42 Further, if the Owners Corporation, having considered the matter, chooses not to seek leave to appeal, then its action will continue in the ordinary way and, presumably, be heard and determined in one of the other ordinary ways that are available in the Technology and Construction List. I therefore do not think that the course that I am about to take is unduly inimical to the quick disposal of the proceedings.
43 I am conscious that by failing to deal with the other grounds of opposition, I am leaving questions that may require reagitation at a later date if the Court of Appeal grants leave to appeal from my decision and allows the appeal. But that would happen in any event because, as I have said, the limitation issue could not proceed today. I therefore do not regard the reservation, as well, of the duty of care point as one that in those circumstances would be productive of any significant difficulty, let alone of further delay.
44 It therefore follows that the amended notice of motion must be dismissed as against the fourth respondent, QBE, and I will so order. However, the amended notice of motion also sought leave to proceed against the first defendant. As I understand it, the liquidator of the first defendant has neither supported nor opposed the grant of that relief. In those circumstances, and bearing in mind that there is still some continuing benefit in ensuring that Walter is bound by the outcome, I would think it appropriate to make an order in terms of prayer 1 of the amended notice of motion if that is still pressed, but on terms that no judgment recovered against the first defendant be enforced without the further leave of the Court.
45 The remaining issues are what directions should be given to ensure that the proceeding continues and the question of costs.

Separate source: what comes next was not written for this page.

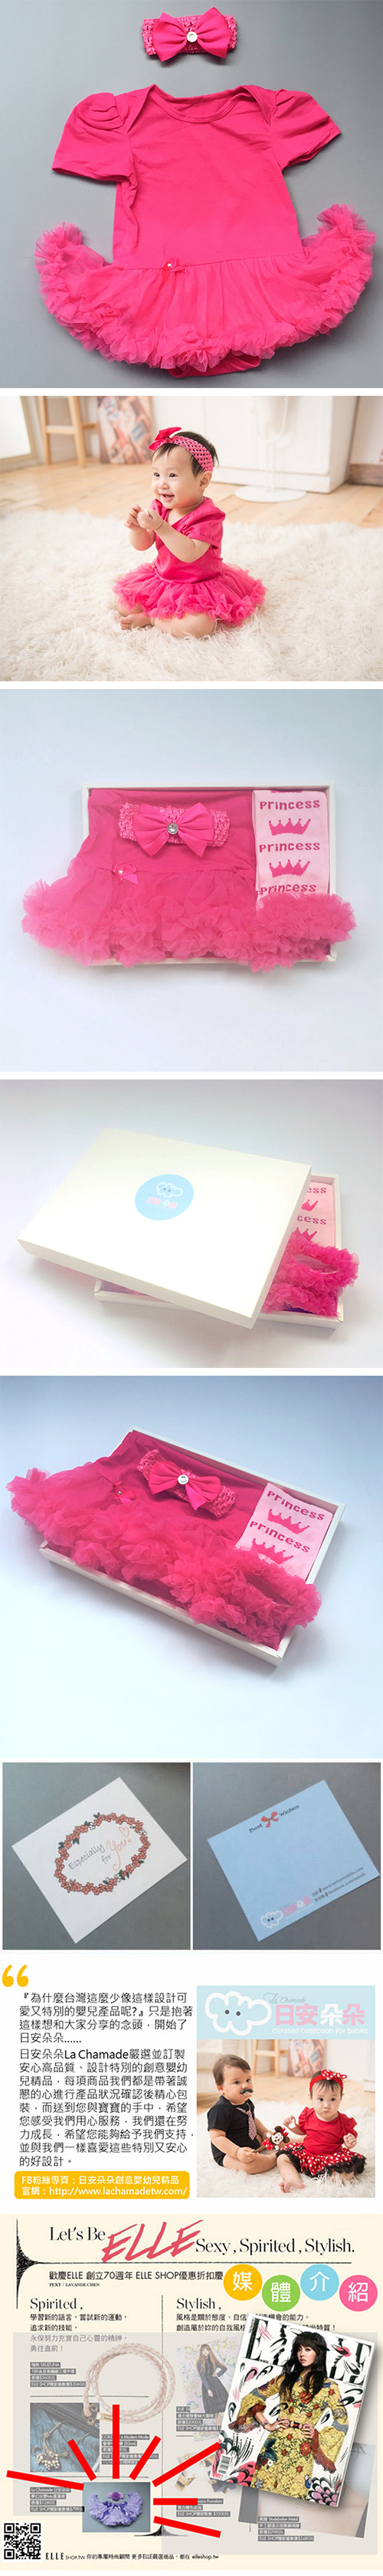 日安朵朵 女嬰雪紡蓬蓬裙連身衣禮盒 - 桃紅芭比(衣+圍兜+寶寶襪) (6-12個月)

I will hear the parties on those matters; and I will also hear the Owners Corporation on whether it still desires leave to proceed against Walter.
46 QBE asks for its costs of the application against it. That was opposed, although not with any particular vigour, on the ground that until the Owners Corporation decides what it is going to do (in relation to seeking leave to appeal) and does it, and until the Court of Appeal does what it is going to do (if it grants leave), one would not know what the overall situation might be.
47 In circumstances where I have dealt with one issue, the result of which is entirely favourable to QBE, I think prima facie that costs should follow the event. If the Owners Corporation does not seek leave to appeal, then that order will finally dispose of all issues between it and QBE without the need for the parties to come back to me. If leave to appeal is sought and granted, and the appeal allowed, then ordinarily, the costs order would also be set aside. In those circumstances, I think, both the interests of justice and the interests of convenience favour the making of the order.